I believe clang_getTypeSpelling(), or more likely QualType::print() used by it, should insert a tab character between such tokens to pretty-print compilable code. The tab character is preferable to the space character here, because the users may rely on the fact that pretty-printed binary operators are surrounded by spaces to distinguish them from angle brackets.

KDevelop parses the result of clang_getTypeSpelling() when libclang API is lacking. Since this recent commit KDevelop's parsing relies on the empirical fact that only operators are surrounded by spaces to distinguish them from angle brackets. Does this revision introduce angle brackets surrounded by spaces? Can tab characters be used instead? If not, do you know how else such angle brackets can be distinguished from operators?

owenpan planned changes to this revision.Feb 10 2023, 10:03 PM
owenpan updated this revision to Diff 496670.Feb 11 2023, 1:43 AM

Added tryMergeGreaterGreater() to and fixed tryMergerLessLess() of FormatTokenLexer.

Hi @owenpan.
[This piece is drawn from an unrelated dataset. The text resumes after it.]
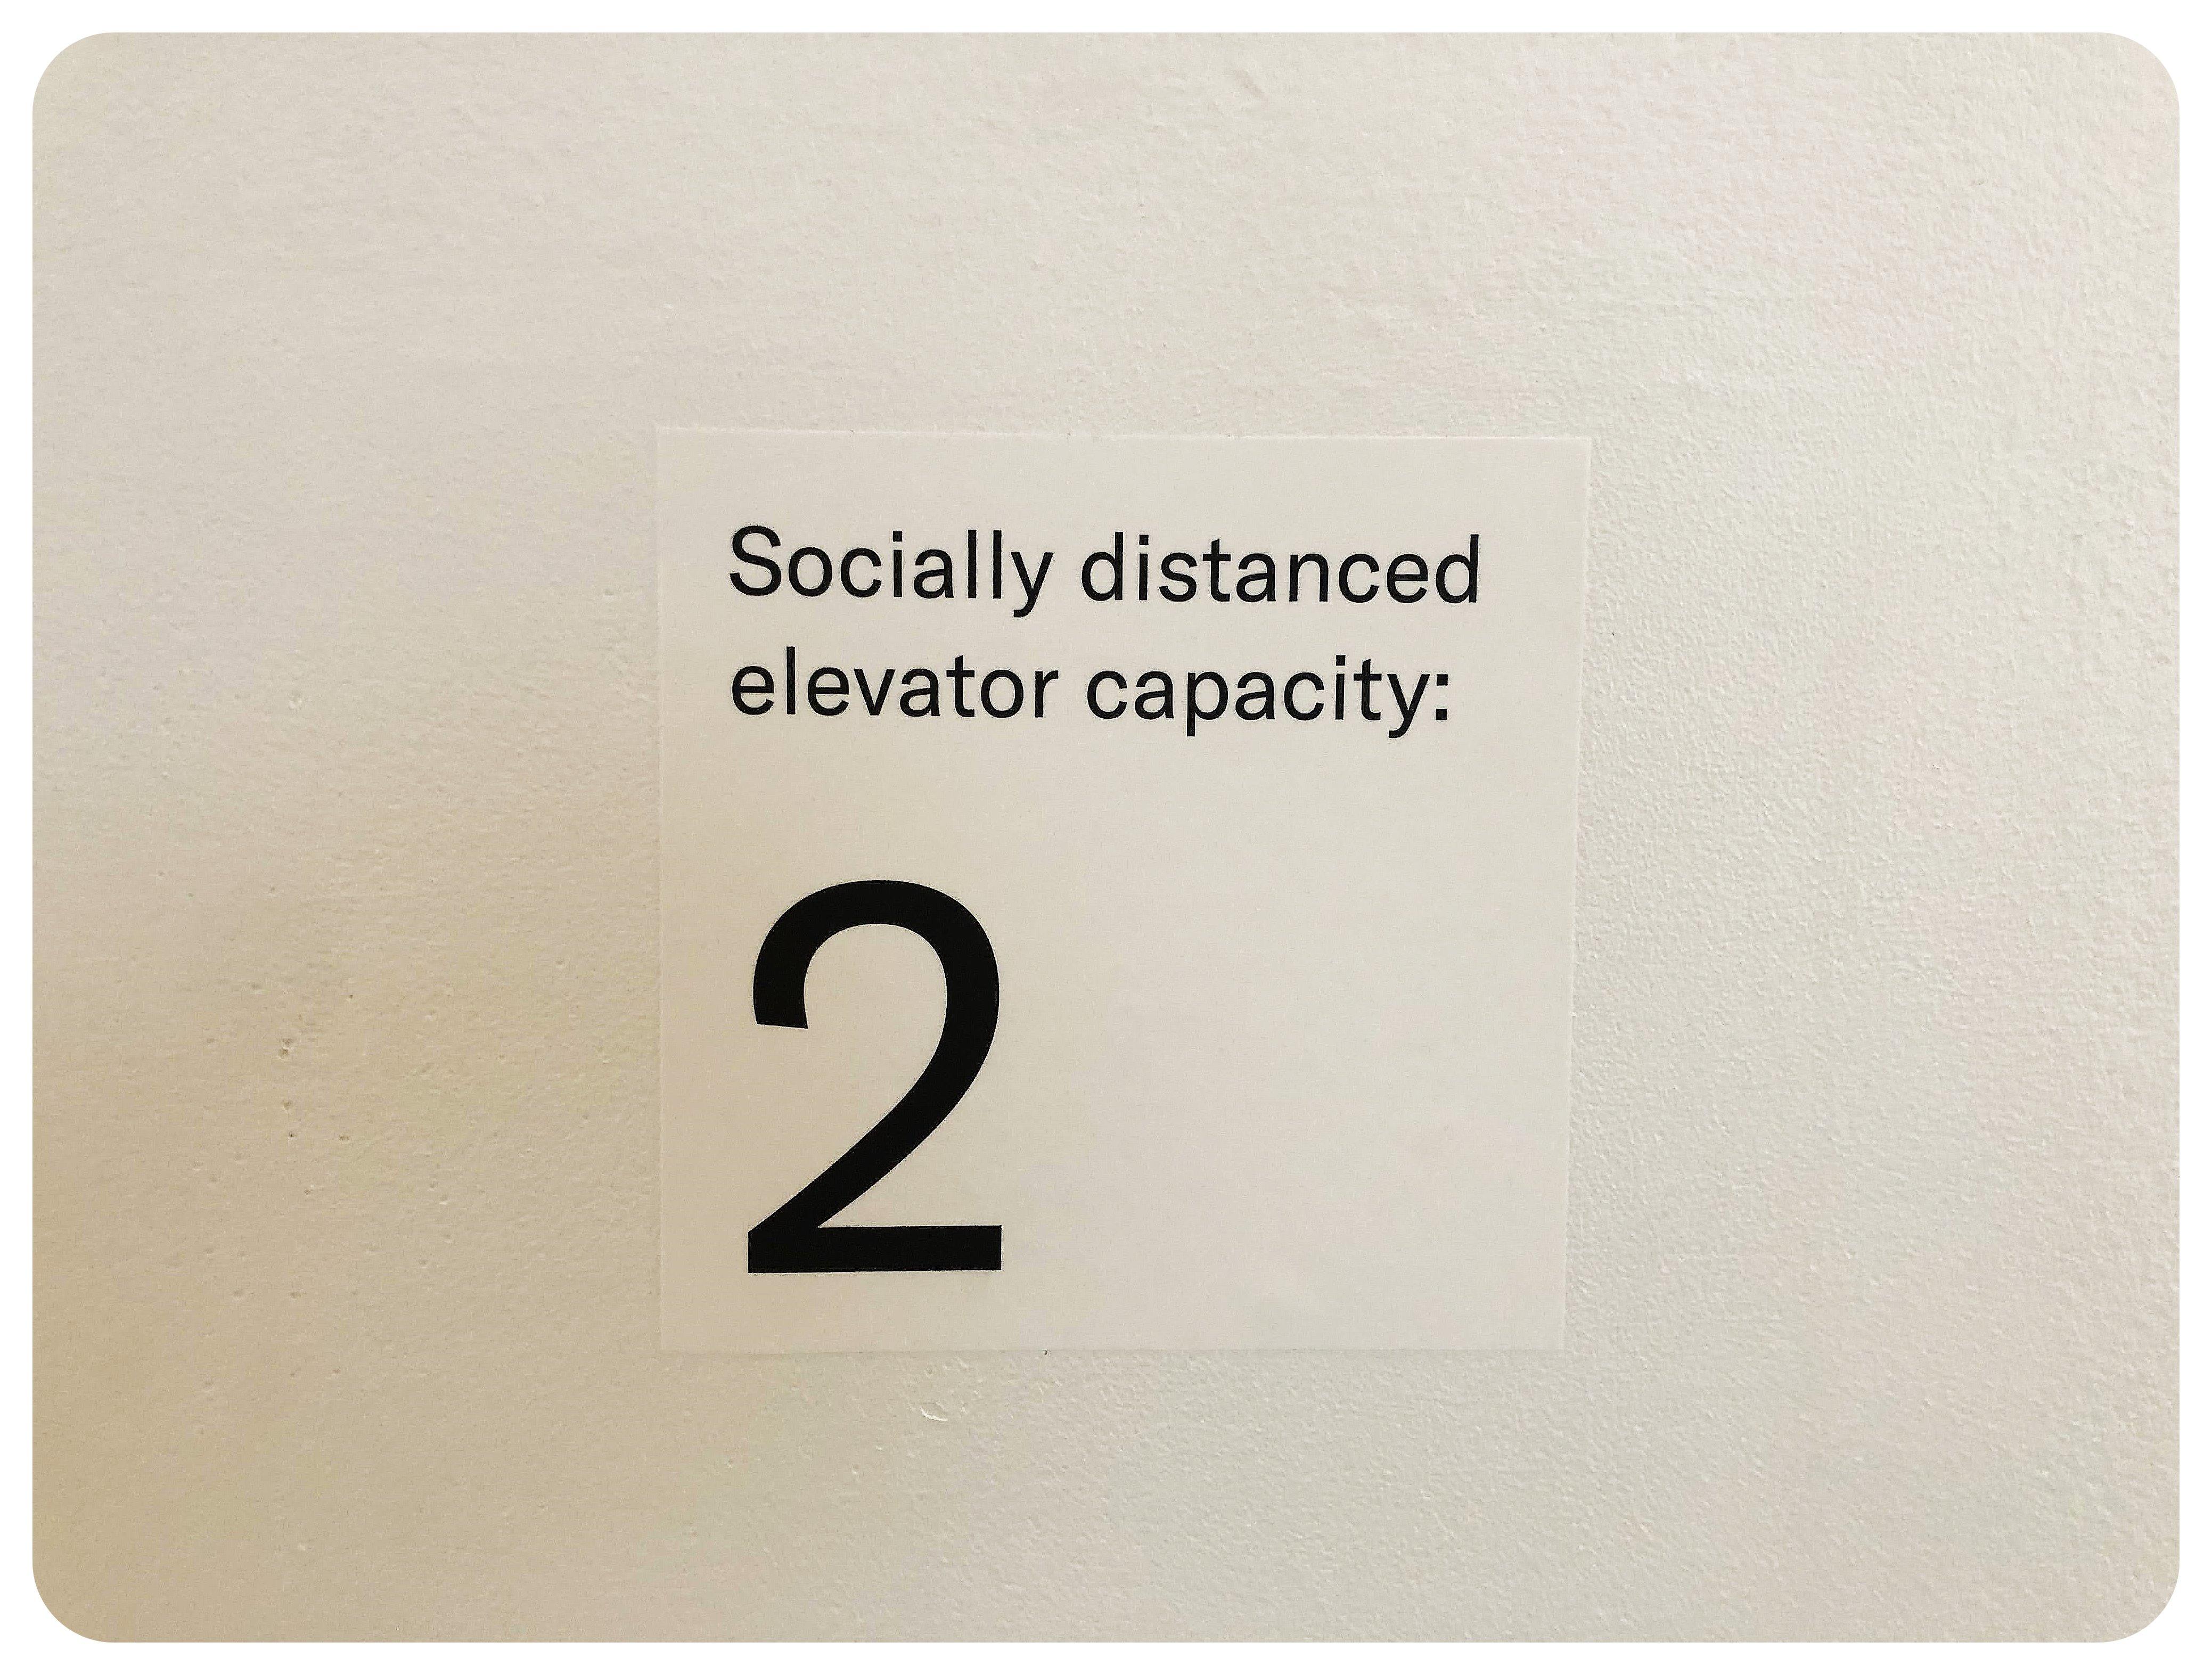 Social distancing NYC

Thank you for fixing this bug!
Have you noticed this paragraph in my bug report?

I believe clang_getTypeSpelling(), or more likely QualType::print() used by it, should insert a tab character between such tokens to pretty-print compilable code. The tab character is preferable to the space character here, because the users may rely on the fact that pretty-printed binary operators are surrounded by spaces to distinguish them from angle brackets.

Yes, but I'm not familiar with these functions.

KDevelop parses the result of clang_getTypeSpelling() when libclang API is lacking. Since this recent commit KDevelop's parsing relies on the empirical fact that only operators are surrounded by spaces to distinguish them from angle brackets. Does this revision introduce angle brackets surrounded by spaces? Can tab characters be used instead? If not, do you know how else such angle brackets can be distinguished from operators?

This patch should fix the reported invalid-code-generation bug by leaving a space between the overloaded operator and the closing angle bracket. clang-format doesn't insert tabs in the middle of a line (except when doing alignment if UseTab is set to Always).

This revision is now accepted and ready to land.Feb 14 2023, 3:03 AM
This revision was landed with ongoing or failed builds.Feb 16 2023, 8:25 PM
This revision was automatically updated to reflect the committed changes.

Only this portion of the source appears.